Z Honors Veterans with Eye-Catching Truck Wrap

By Al Muskewitz

Willie Fulton was hanging out at the terminal one day when he got called into the office. It wasn’t like one of those called to the principal’s office kind of things. In fact, his managers at Z Transportation wanted his thoughts on truck designs because they were thinking of changing the profile of some of their trucks.

Fulton was happy to be included in the process, but that’s not out of the ordinary for the way Z does things. Over the next few months, he had kind of forgotten about it. Then around Christmas 2018, he got called to the office again and this time he learned what that brainstorming session was all about.

The managers sent him out to get his truck from the yard. When he got there, they surprised him with a new Volvo 860 sporting a stylish military-themed wrap honoring the South Carolina National Guardsman’s service to his country and all those who have served in the nation’s Armed Services.

“Just paying our respect to the saviors of our country,” Z Transportation owner Trajce Ristovski explained.

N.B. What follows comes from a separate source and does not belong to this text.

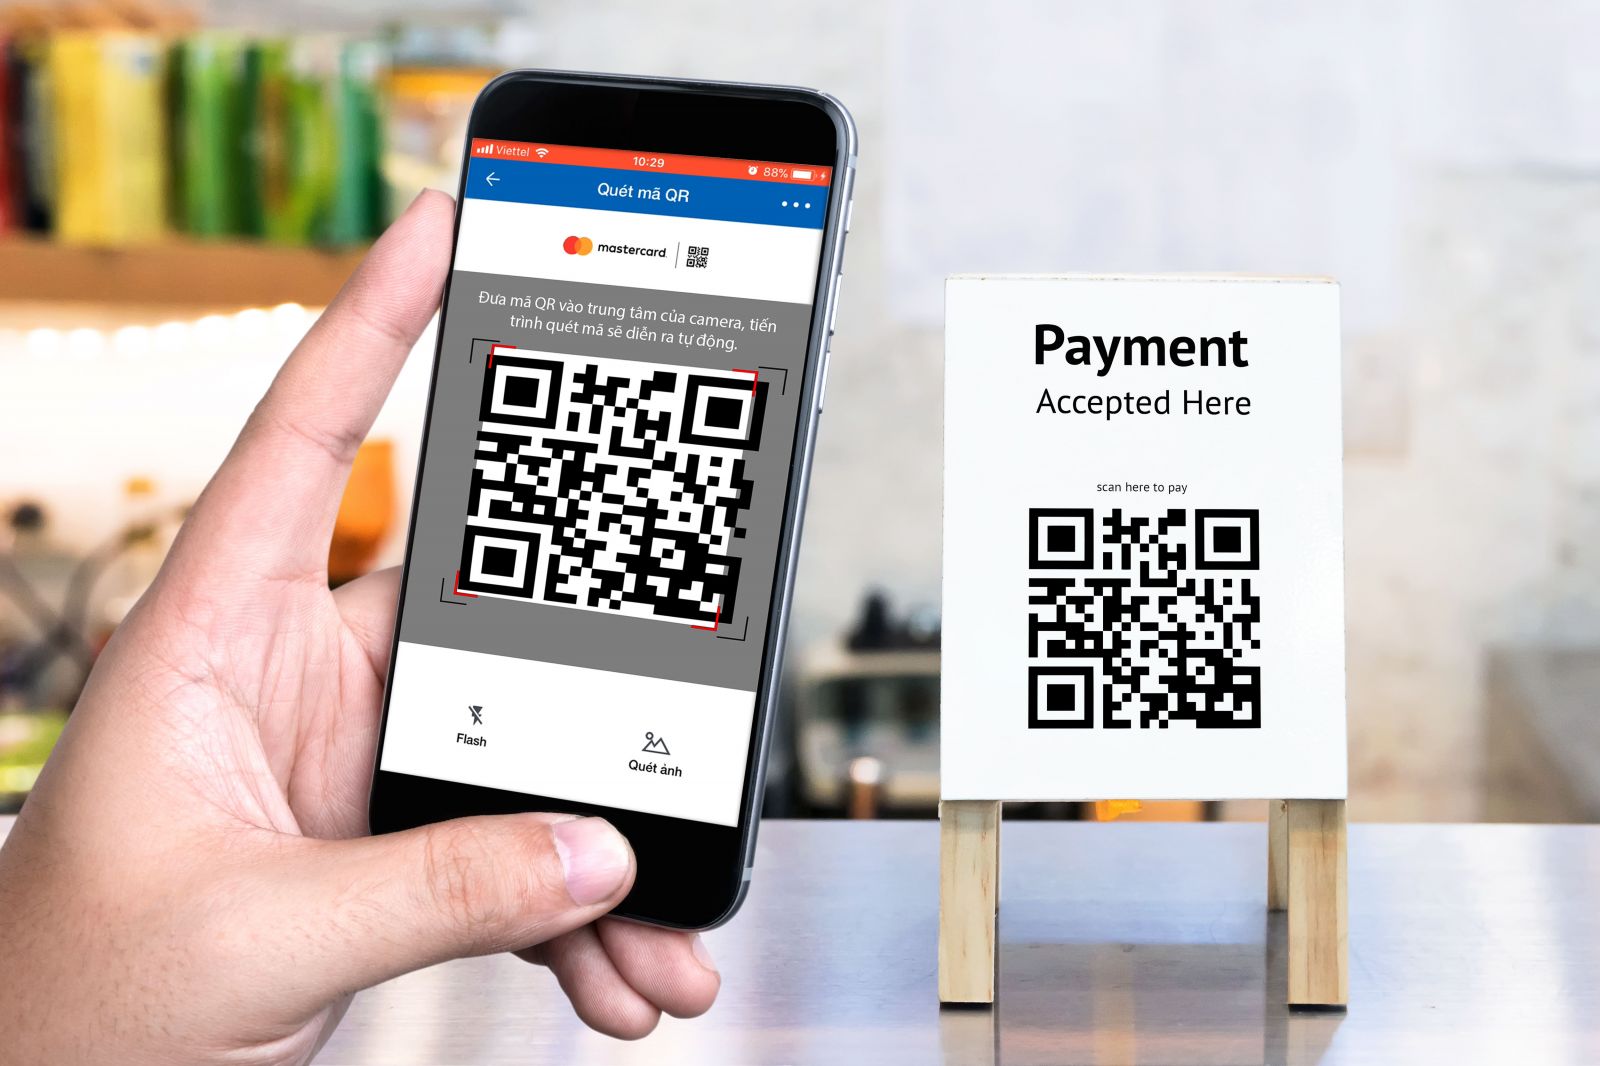 SCB QR Easy - phương thức thanh toán thông qua mã QR trên ứng dụng Mobile Banking bằng nguồn tiền từ Tài khoản thanh toán hoặc từ Tài khoản thẻ tín dụng quốc tế Mastercard.

Veterans have always been a valued asset at Z Transportation and it’s reflected in its roster of drivers. About 20 percent of the New Jersey-based carrier’s roughly 100 drivers are veterans representing all branches of the service.

Fulton, a 20-year driving veteran who serves in the South Carolina Guard’s 1052nd Transportation Unit, proudly drove his truck for the rest of the time he was with the company. He considered it an honor and responsibility.

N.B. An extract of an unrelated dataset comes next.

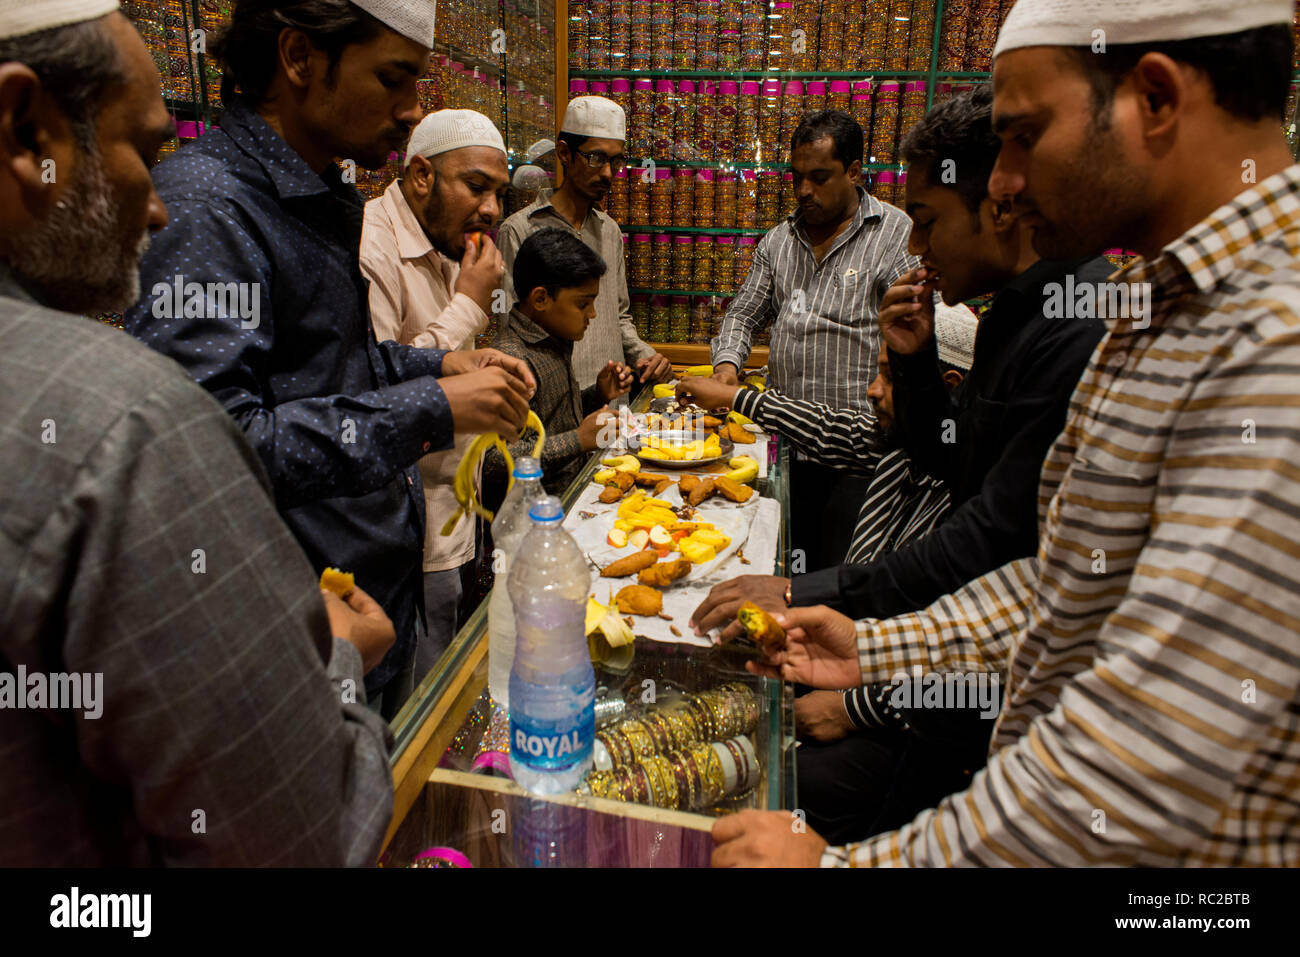 Les musulmans mangent de la nourriture après le jeûne pendant la journée durant le Ramadan. Banque D'Images

“It’s not just a regular ol’ truck,” he said. “You already have to represent the company, that’s one thing, but when you’re representing the military on top of it, it makes a big difference. I knew people knew who I was. I’m not just this random guy who wanted to be a truck driver.” 

Here are the driver and rider side views of Z Transportation’s veterans-themed truck. It has been a popular sight among drivers and the public alike.

The wrap depicts scenes representing all of the armed forces. The driver’s side panel is dominated by the silhouette of a soldier lifting a child and the Great Seal of the United States. On the passenger side, there’s an image of the flag-raising on Iwo Jima, planes on the flight deck of an aircraft carrier as well as flying in formation, troops marching in the field, and the seal of the President of the United States. The Stars and Stripes draped the bottom panels and across the hood. 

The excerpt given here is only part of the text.